Problem to solve =>
An exact retyping of all lines below is the answer; pictures do not belong in it.

Stored data =>
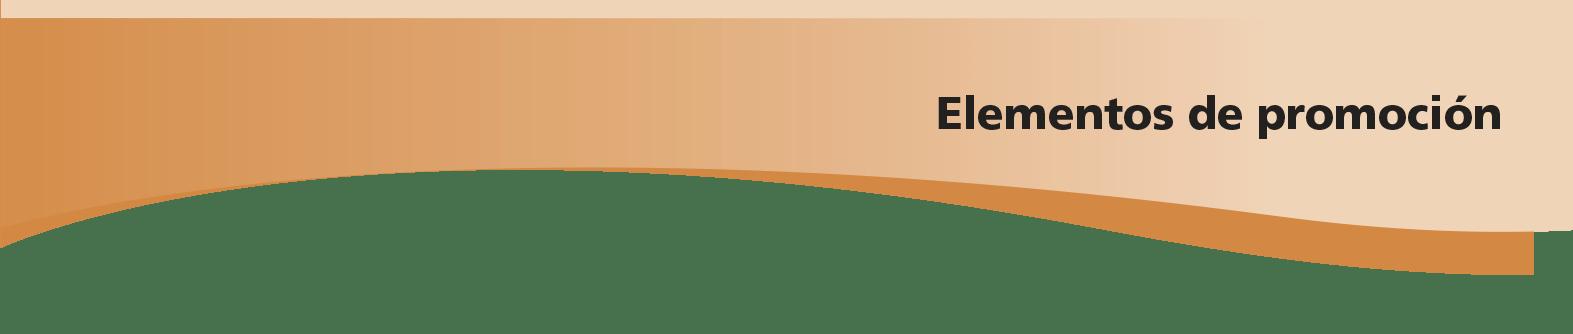 elementos-de-promocionl
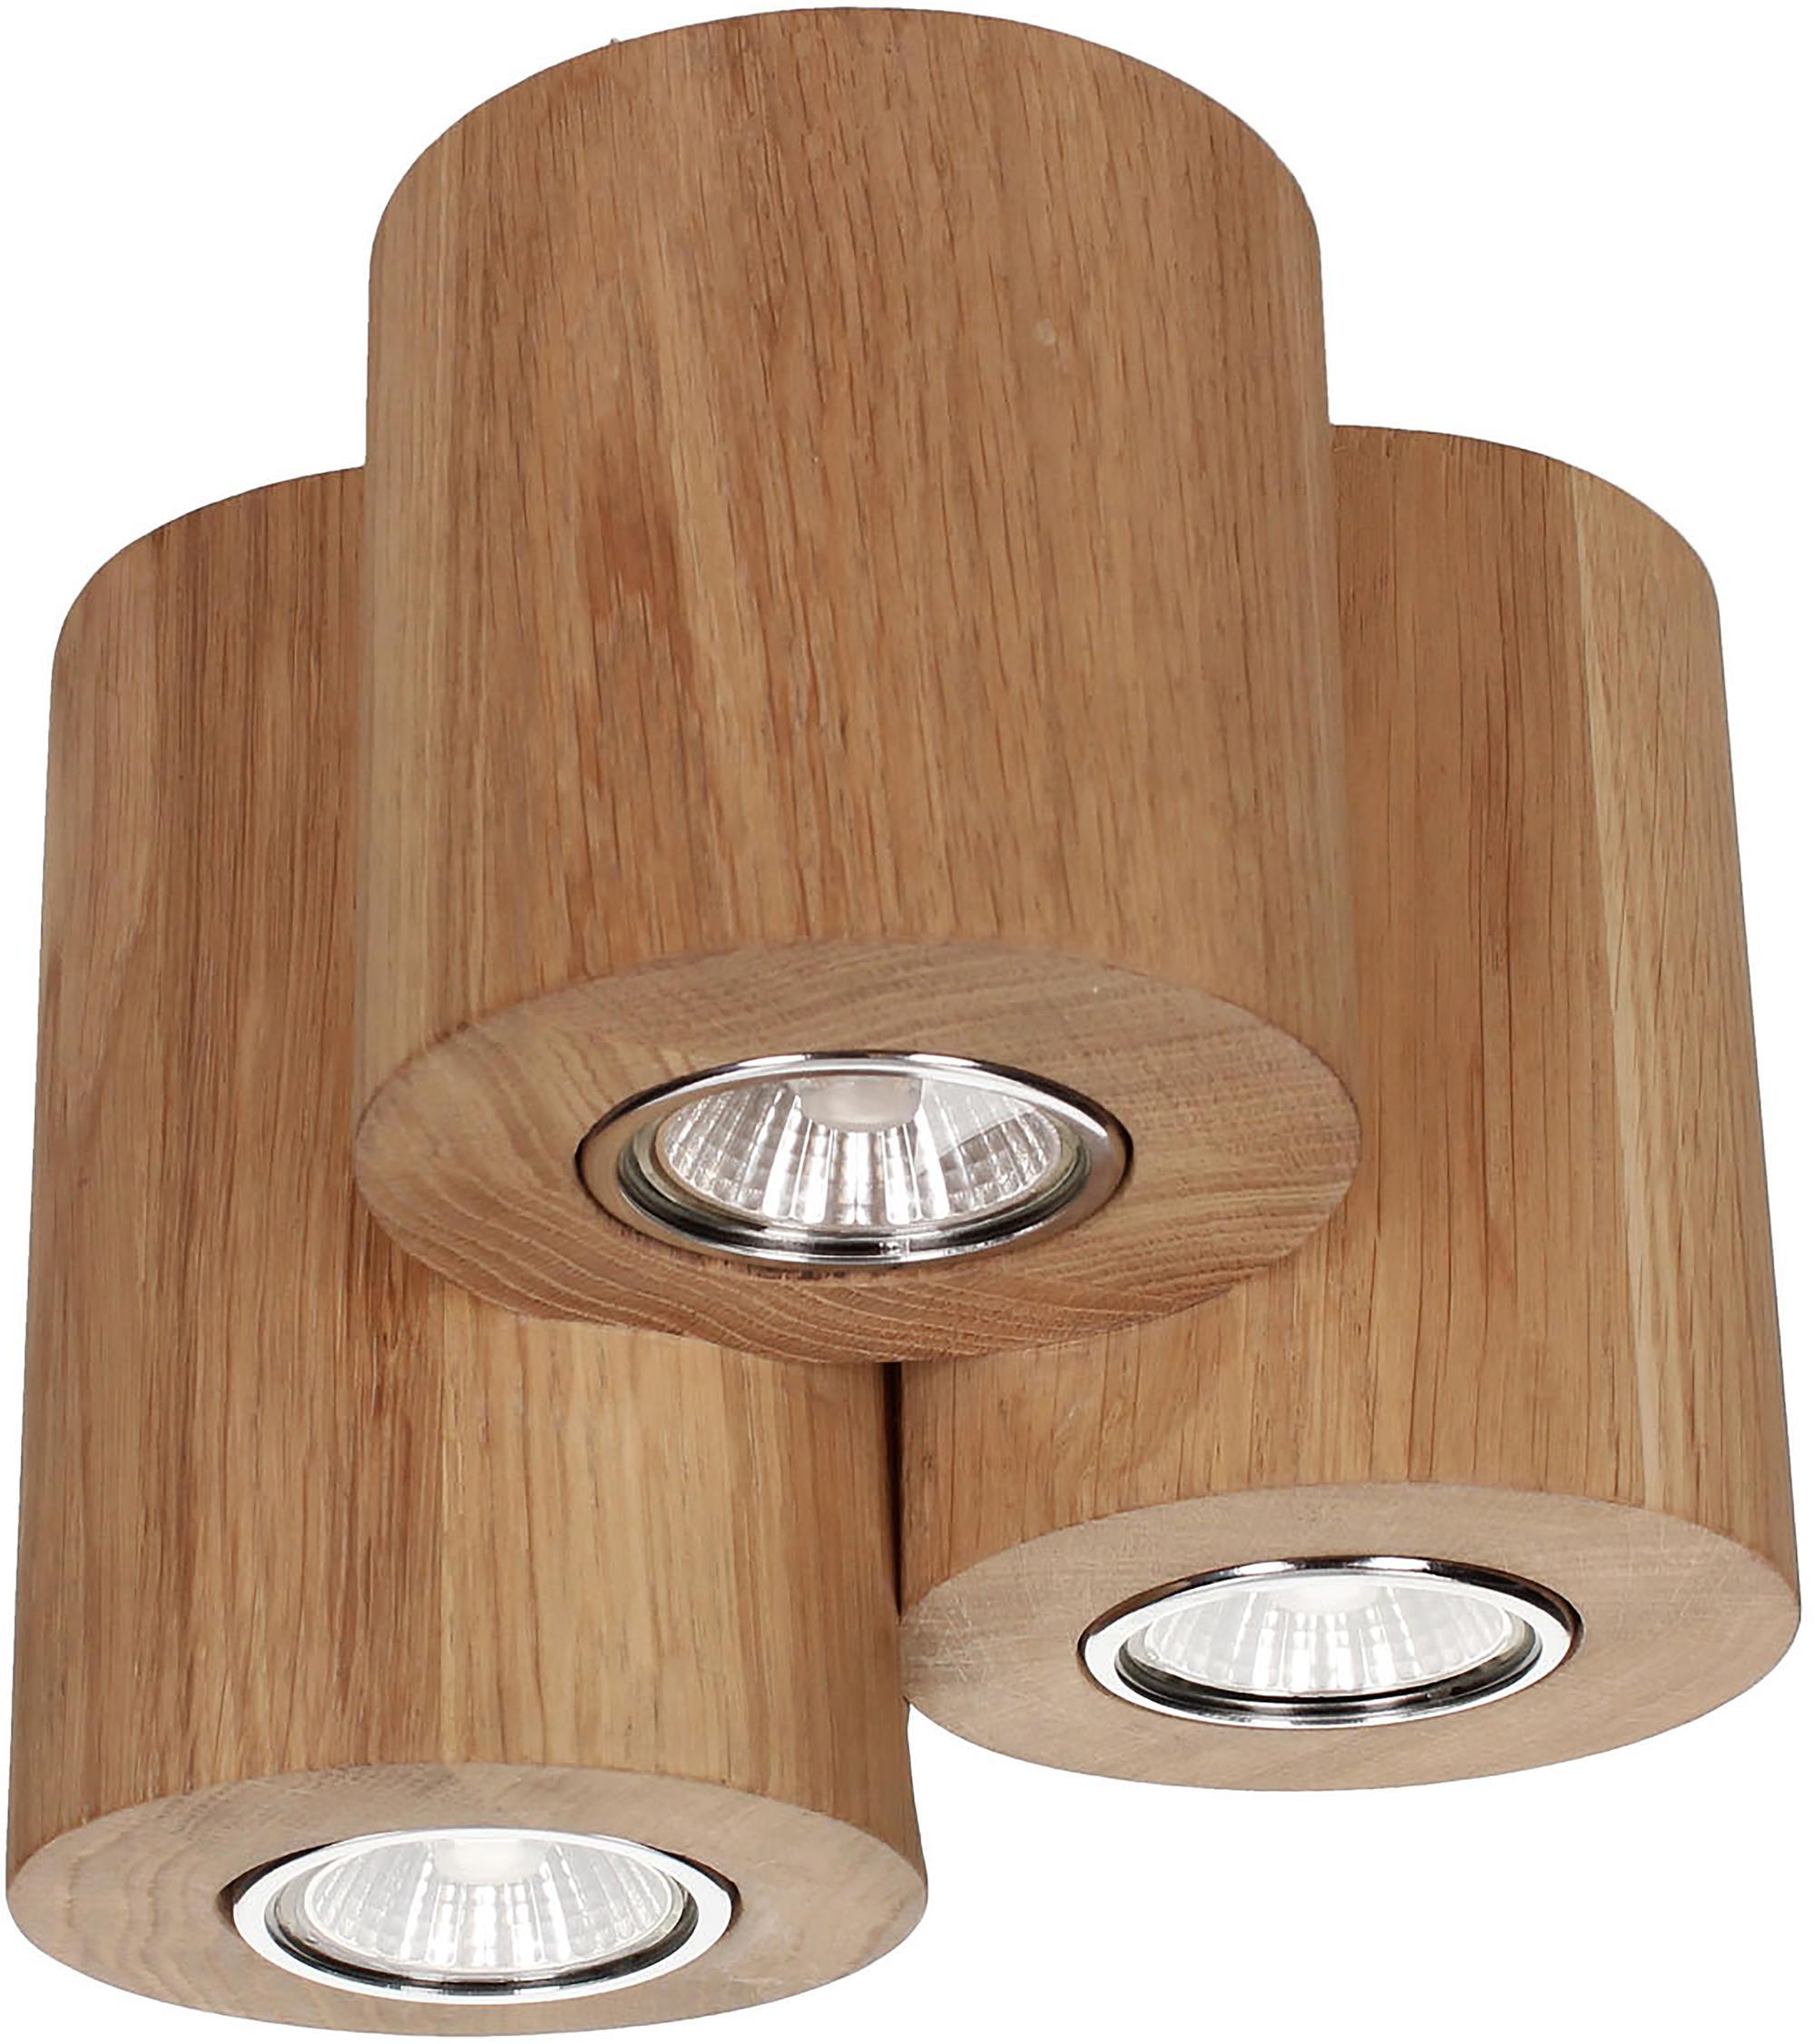 SPOT Light LED Deckenleuchte WOODDREAM, GU10, LED Deckenlampe
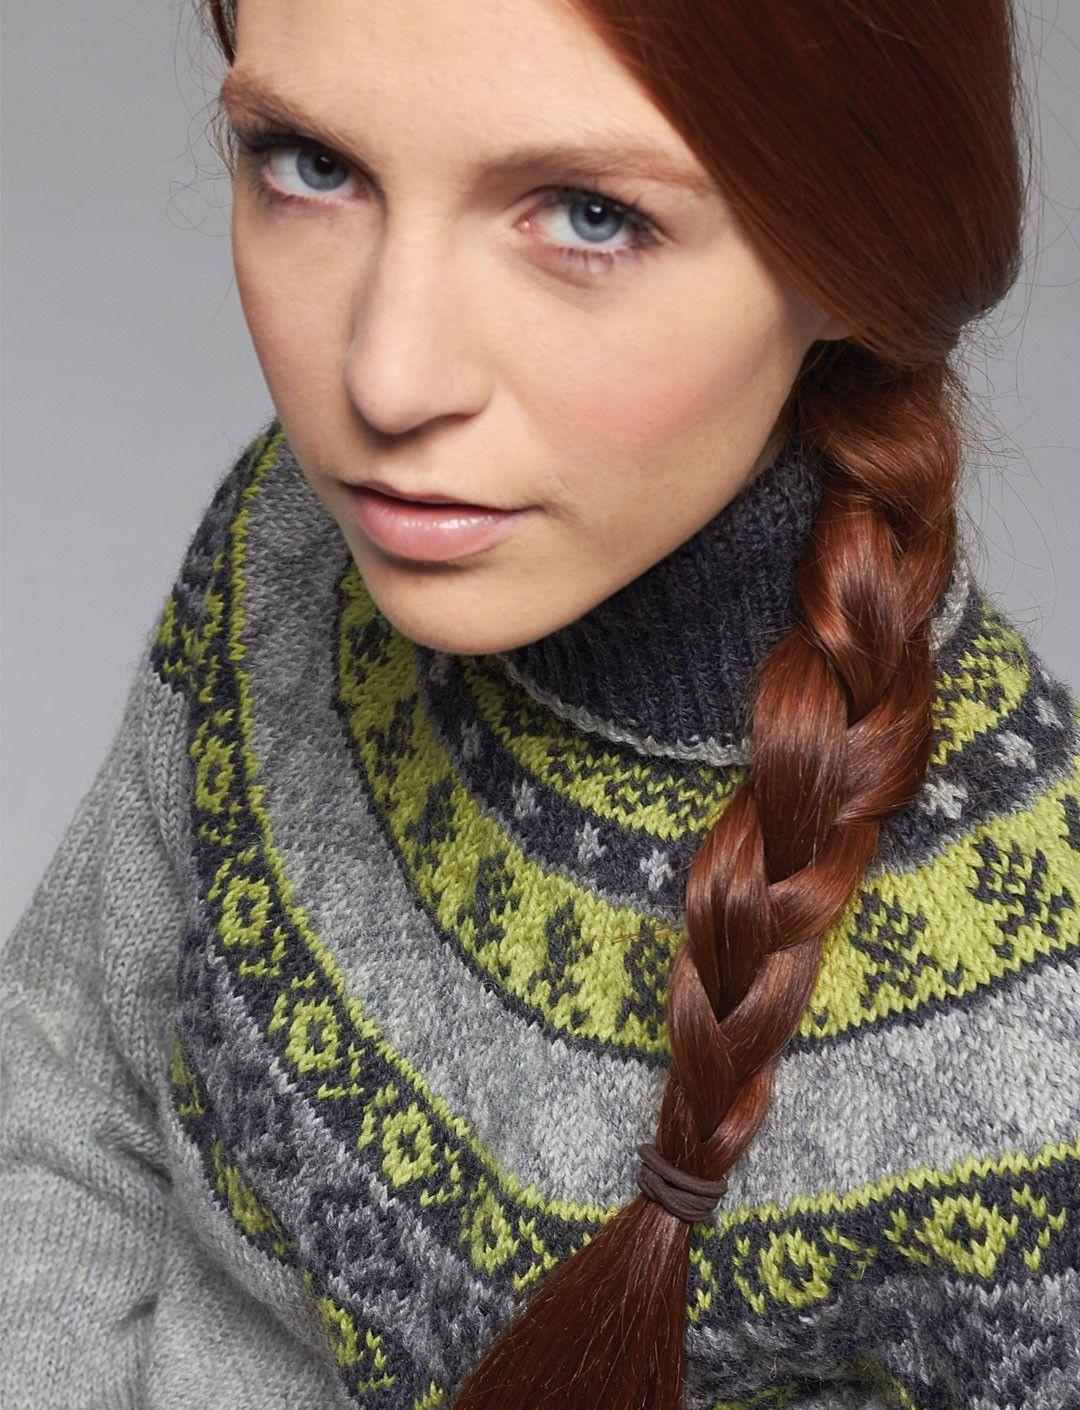 Yarnspirations.com - Patons Woman's Fair Isle Yoke Sweater ...
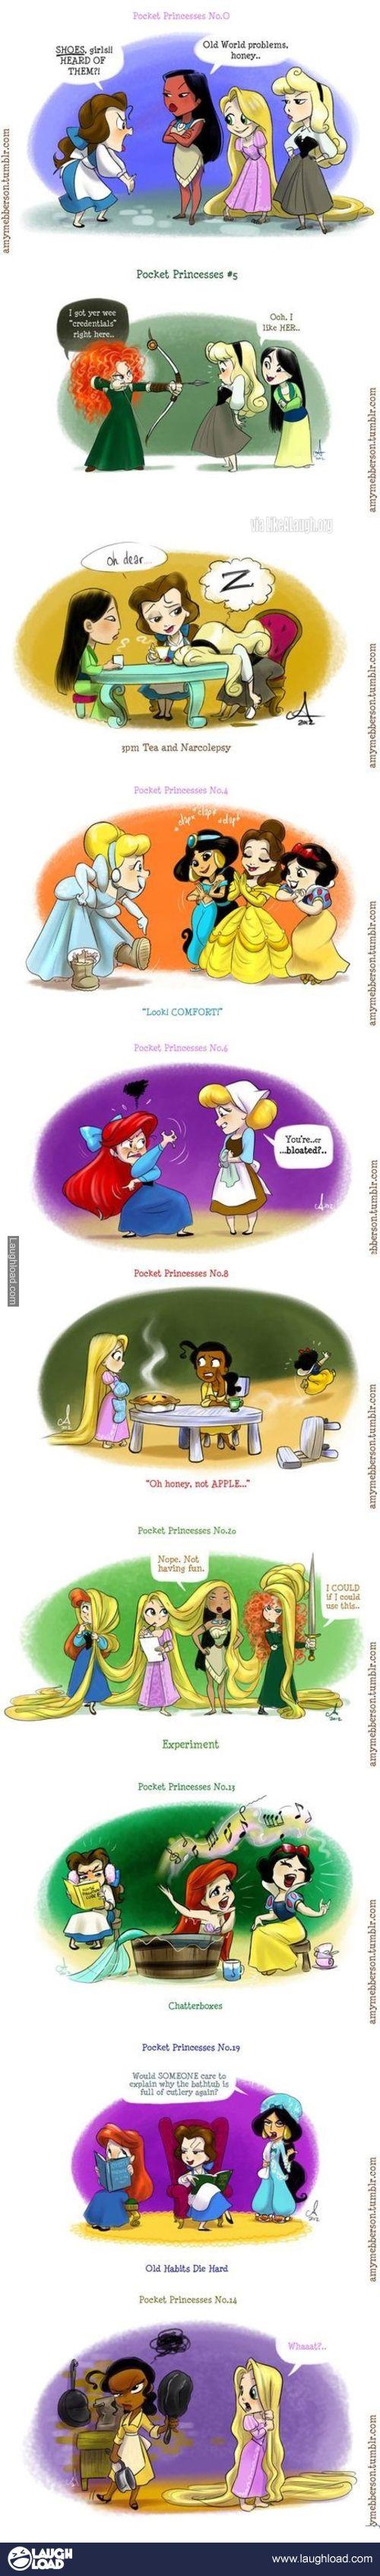 cute Disney Princesses

Output =>
 elementos-de-promocionl
 SPOT Light LED Deckenleuchte WOODDREAM, GU10, LED Deckenlampe
 Yarnspirations.com - Patons Woman's Fair Isle Yoke Sweater ...
 cute Disney Princesses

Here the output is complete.